┌──

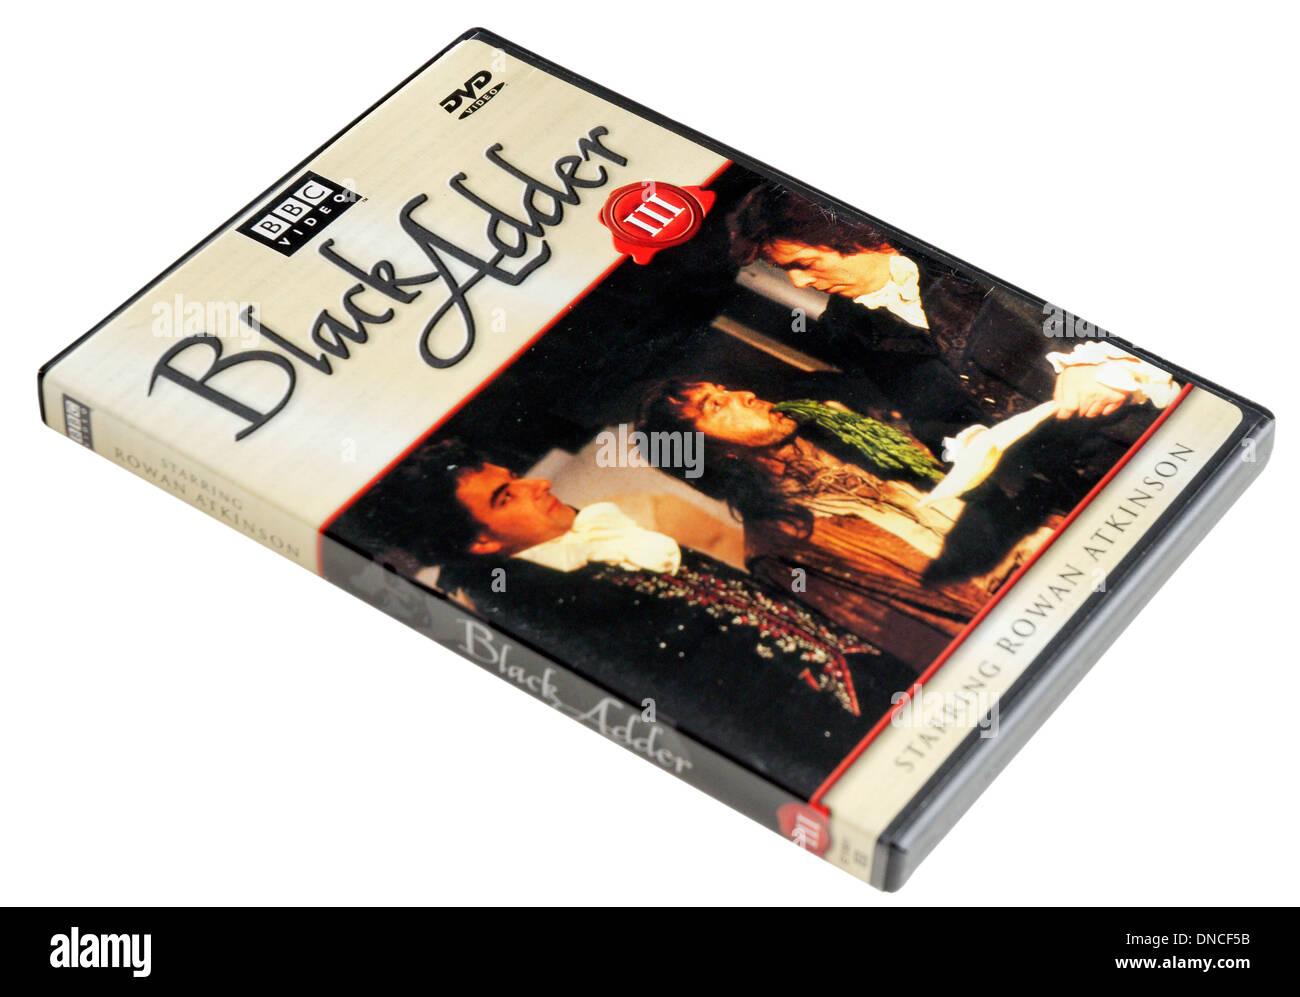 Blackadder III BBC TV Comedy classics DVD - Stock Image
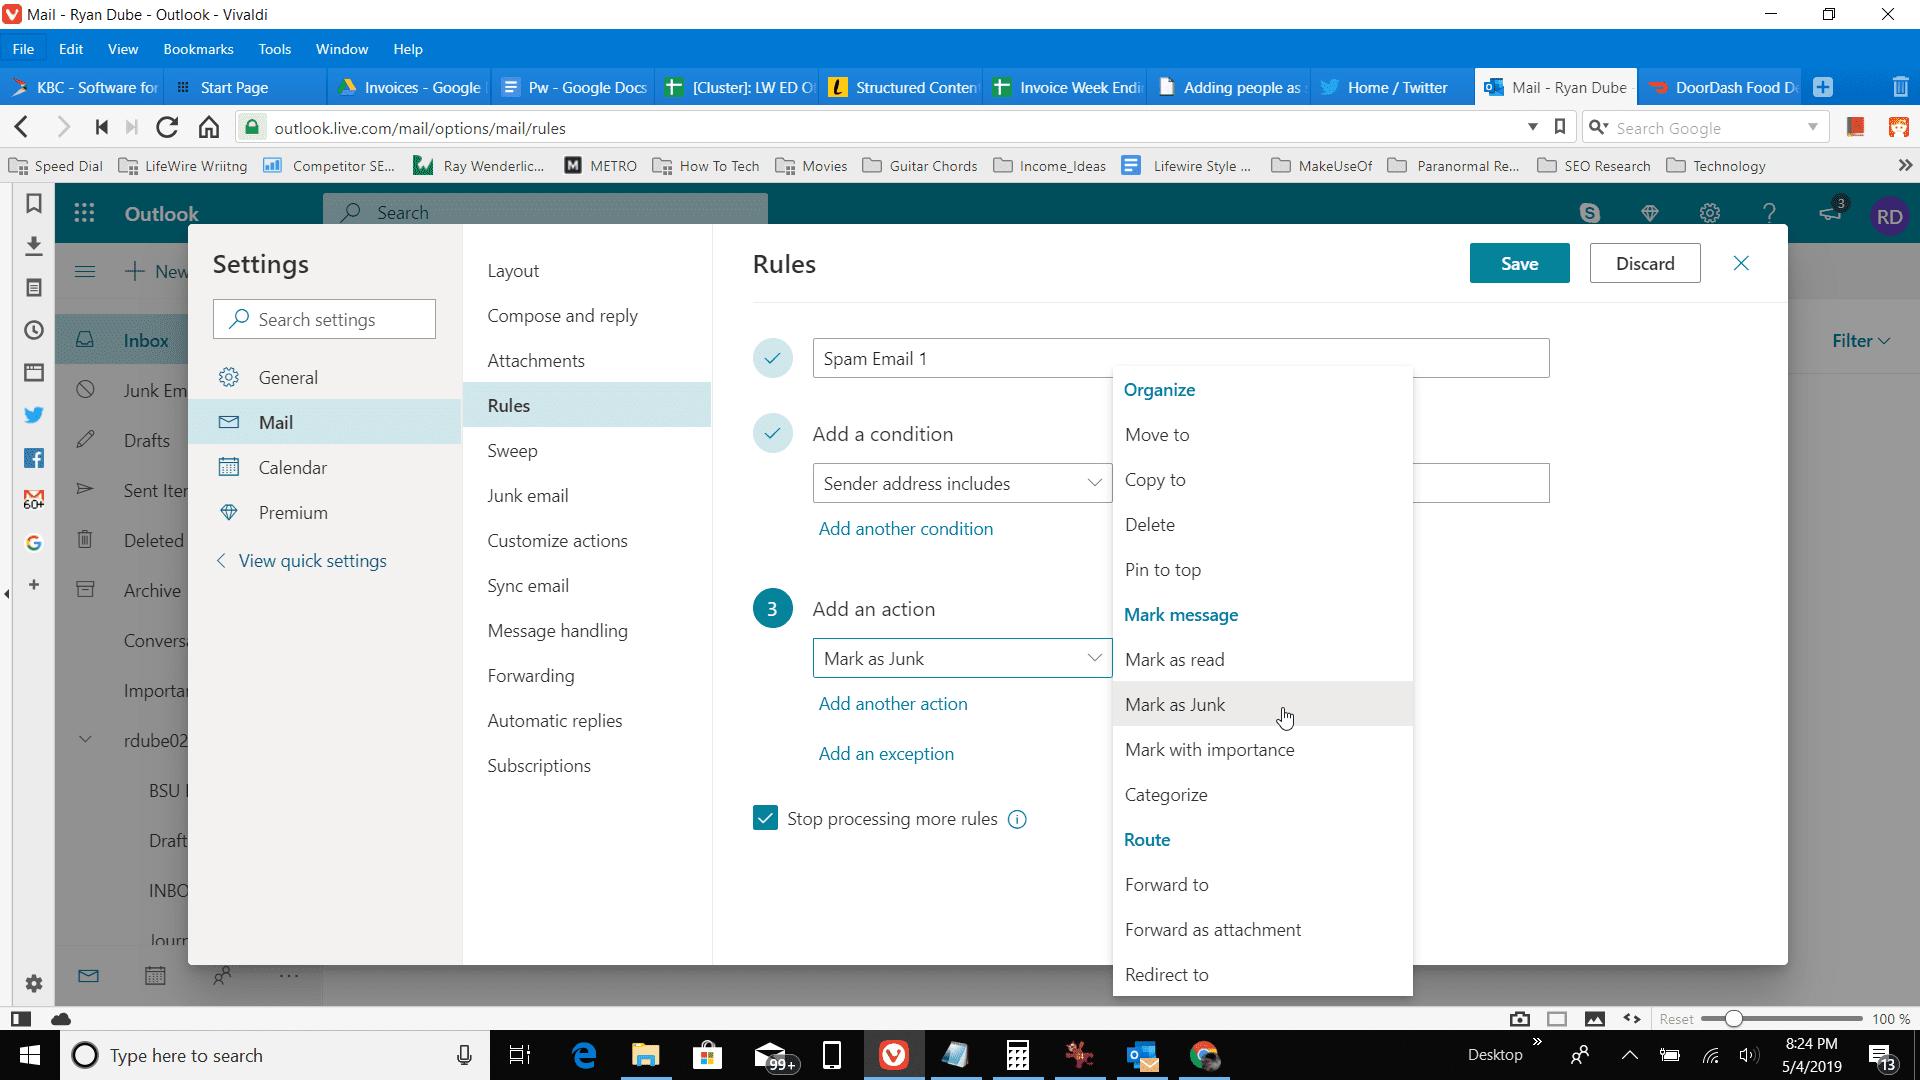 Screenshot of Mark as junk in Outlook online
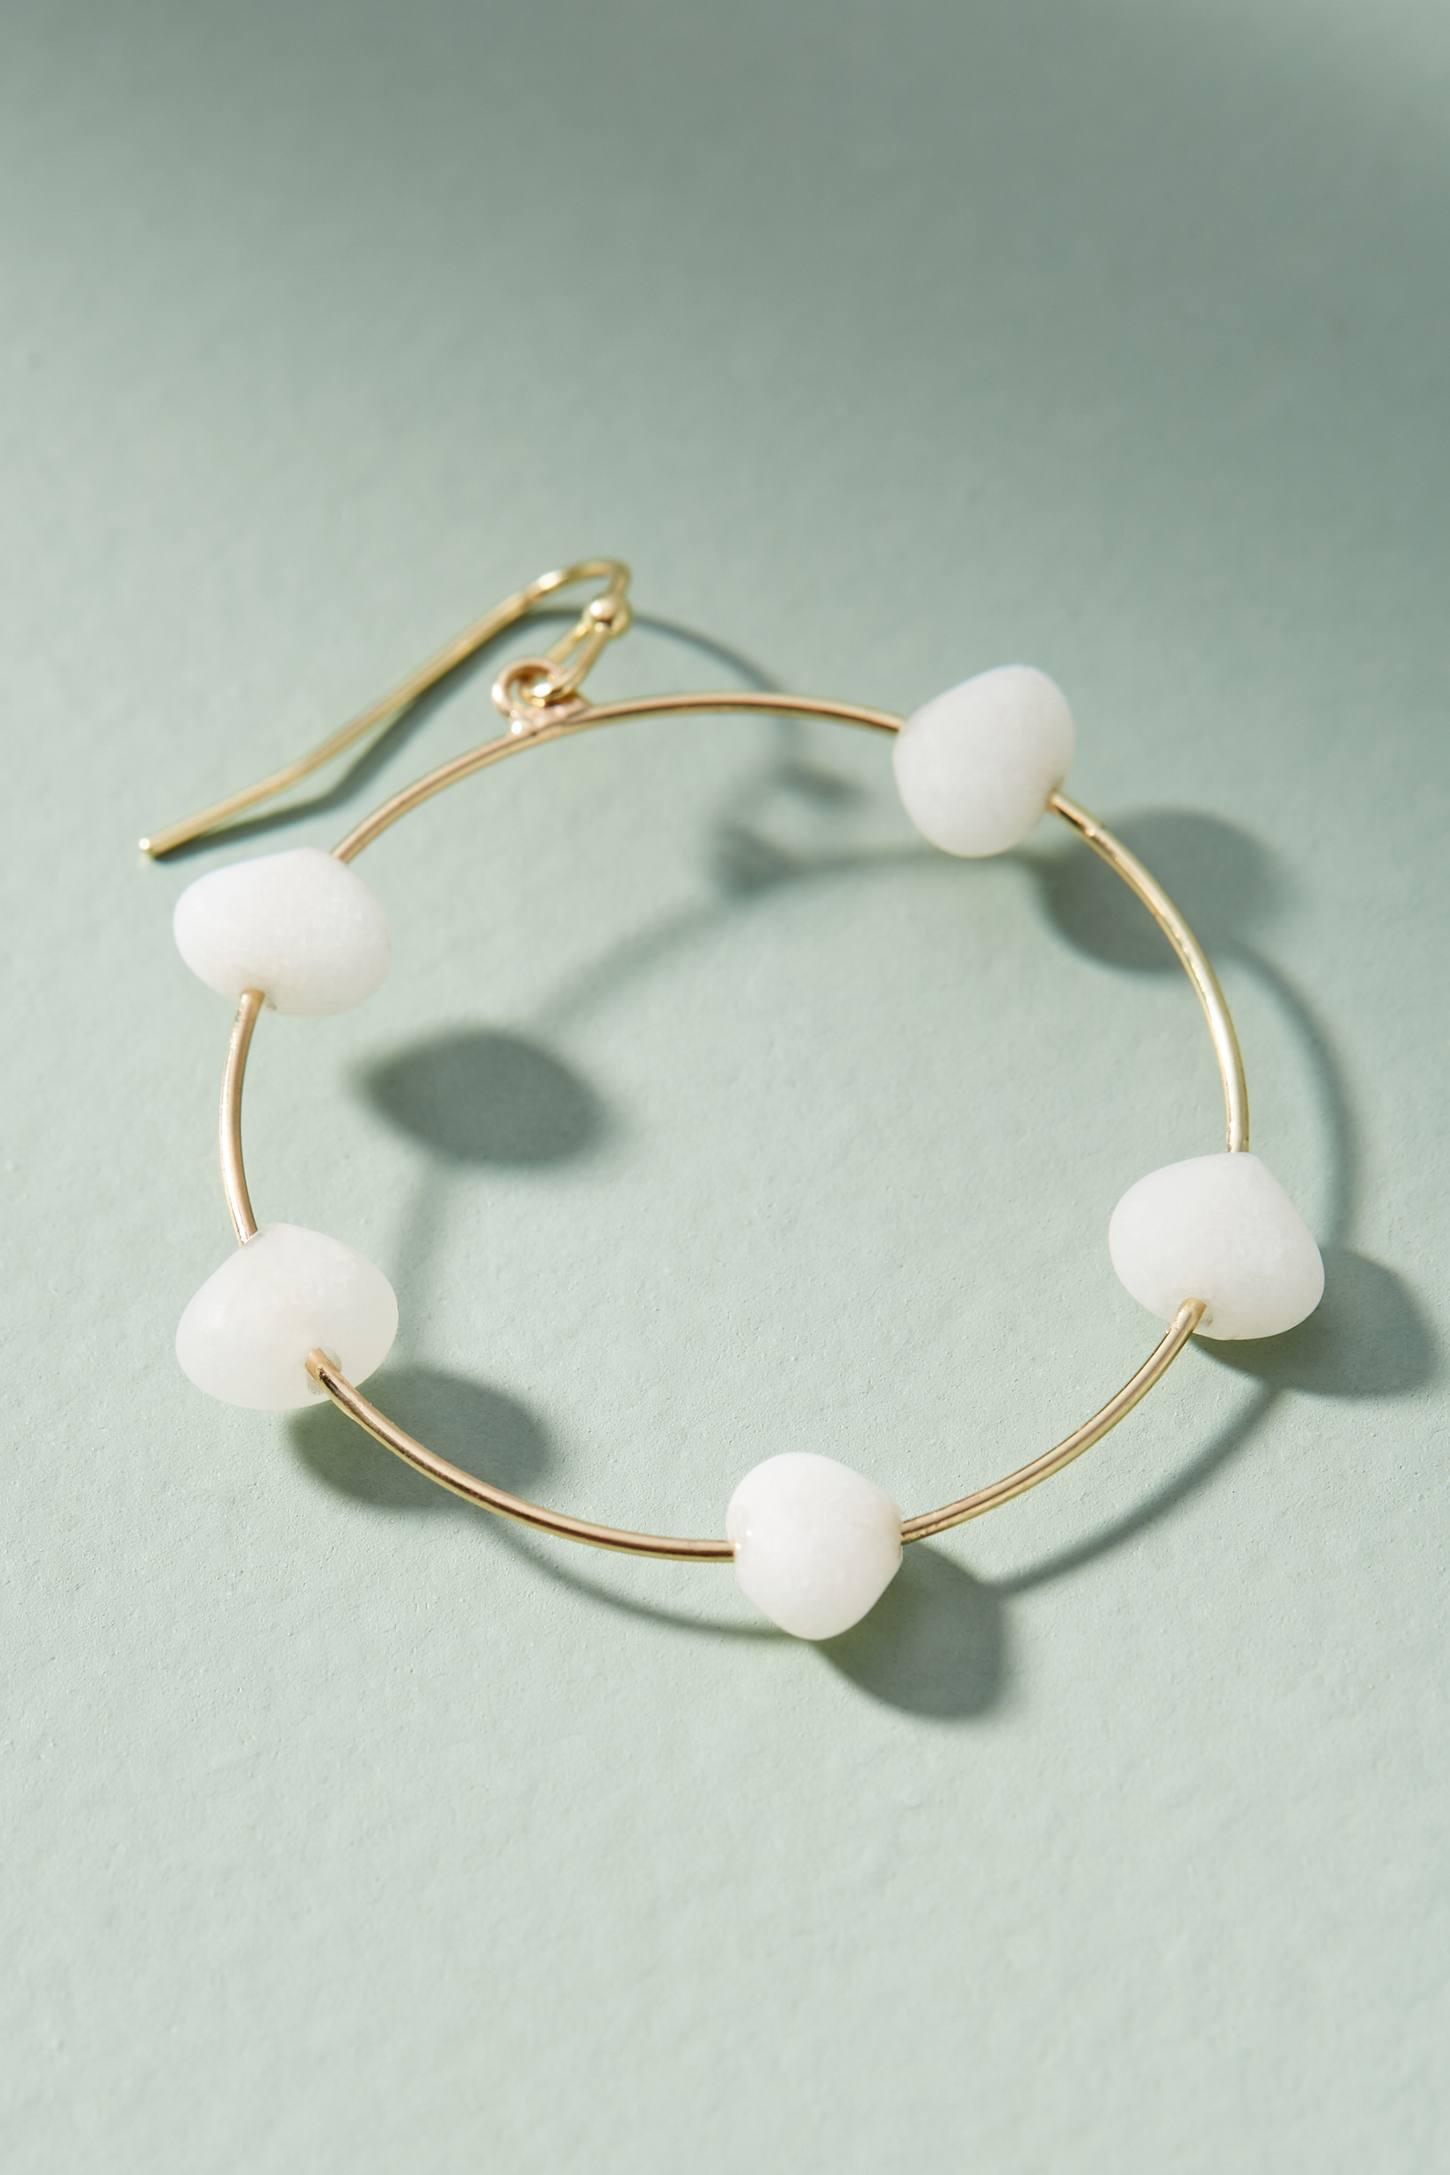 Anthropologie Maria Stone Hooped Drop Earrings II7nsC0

└──

-- Your instructions --
What should appear is an exact reproduction of the lines from the one with "Screenshot of Mark as junk in Outlook online" through the end of the material above, and no pictures.

-- Solution for this exercise --
 Screenshot of Mark as junk in Outlook online
 Anthropologie Maria Stone Hooped Drop Earrings II7nsC0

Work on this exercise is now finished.